Mastra npm Supply Chain Attack Poisons 140+ AI Packages
Attackers infected more than 140 packages from the Mastra AI ecosystem through npm. The malicious code ran right after npm install or npm update. So the infection could reach developer workstations and build servers, even when the package was never imported into application code. Microsoft reported the campaign.
How the Attackers Got In
The attackers gained access to the npm account of a developer named ehindero. That account had rights to publish updates in the mastra and @mastra namespaces. Through the hijacked account, they released poisoned versions of the packages. Each one added a dependency on easy-day-js@^1.11.21. Every malicious release was tagged latest, so npm picked it automatically on install.
How the Anomaly Surfaced
The publishing history gave the attack away. Versions of mastra up to 1.13.0 shipped through GitHub Actions with build provenance checks. By contrast, mastra 1.13.1 was published by hand from an anonymous email service. Nothing in the Mastra repository explained the new dependency. You can read Microsoft’s full technical breakdown for the timeline.
The easy-day-js Typosquat
The easy-day-js package posed as the popular dayjs library. That real library sees more than 57 million weekly downloads. The authors copied its description, repository link, and the real developer’s name. The first version, easy-day-js 1.11.21, shipped clean on June 16. Then, on June 17, they released 1.11.22. The library code stayed the same. However, they added a postinstall handler to package.json that ran a hidden script, setup.cjs.
What the Malware Did
After install, the script disabled TLS certificate checks. It created service files in the system temp folder and downloaded a second stage from a command server. The fetched code was saved under a random name. It then ran as a separate hidden Node.js process and waited for new commands. From there, the attackers could run arbitrary code, change settings, or shut down the implant.
Cross-Platform Persistence
On Windows, macOS, and Linux, the malware dug in and posed as Node.js and NVM components. On Windows, it used an autostart entry. On macOS, it created a LaunchAgent. On Linux, it added a user systemd service. The program collected the computer name, user details, installed apps, and running processes. It also grabbed browser history. Then it hunted for crypto wallet extensions in Chrome, Edge, and Brave. The target list held 166 wallet identifiers, including MetaMask, Phantom, Coinbase Wallet, and Binance Wallet.
A SYSTEM-Level PowerShell Backdoor
On some infected Windows machines, Microsoft saw a PowerShell backdoor pulled from separate infrastructure. The backdoor erased PowerShell history. It added an exclusion for Microsoft Defender and installed a service with SYSTEM rights. Microsoft linked the campaign with high confidence to the North Korean group Sapphire Sleet.

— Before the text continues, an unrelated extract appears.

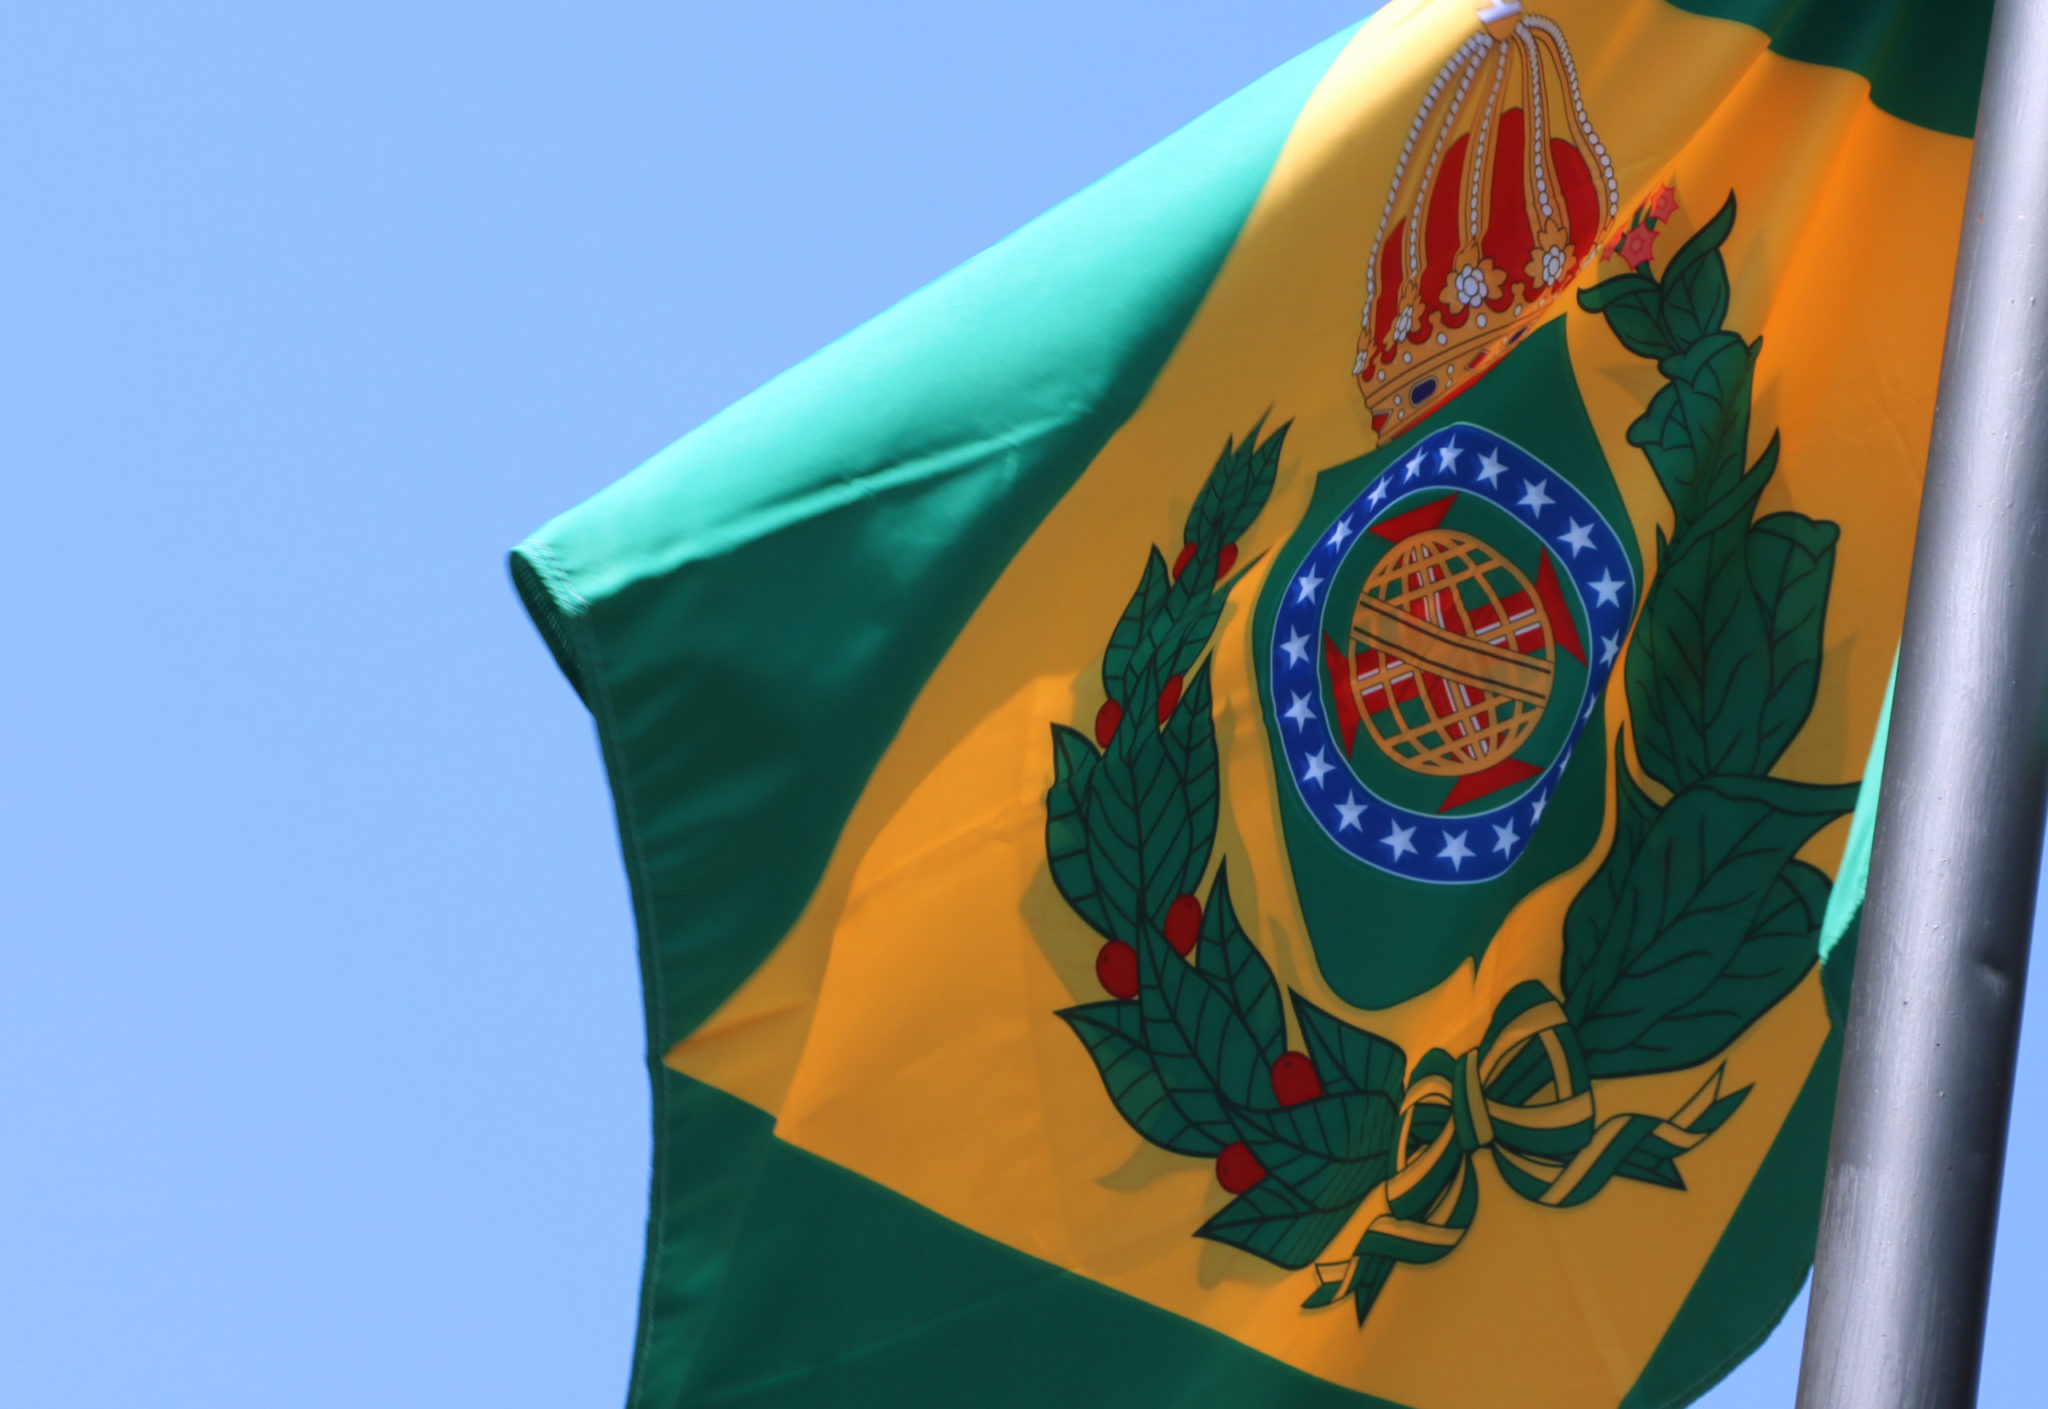 Ao dar início às comemorações do bicentenário da Independência, TJMS hasteia, durante a Semana da Pátria, a bandeira do Brasil Império

That group most often targets financial organizations.
Response and Mitigation
Microsoft shared its findings with the npm security team. The infected versions were removed from the registry. The attacker also lost publish rights in the @mastra namespace. Developers should check package-lock.json, node_modules, and CI/CD logs for easy-day-js. Rotate tokens, passwords, and API keys from any potentially infected machines. Review outbound connections to the command-server addresses too.
Microsoft lists mastra 1.13.0 and earlier as safe. It also lists @mastra/core 1.42.0 and earlier as safe. When auditing dependencies, you can run installs with the –ignore-scripts flag. That stops npm from executing postinstall handlers.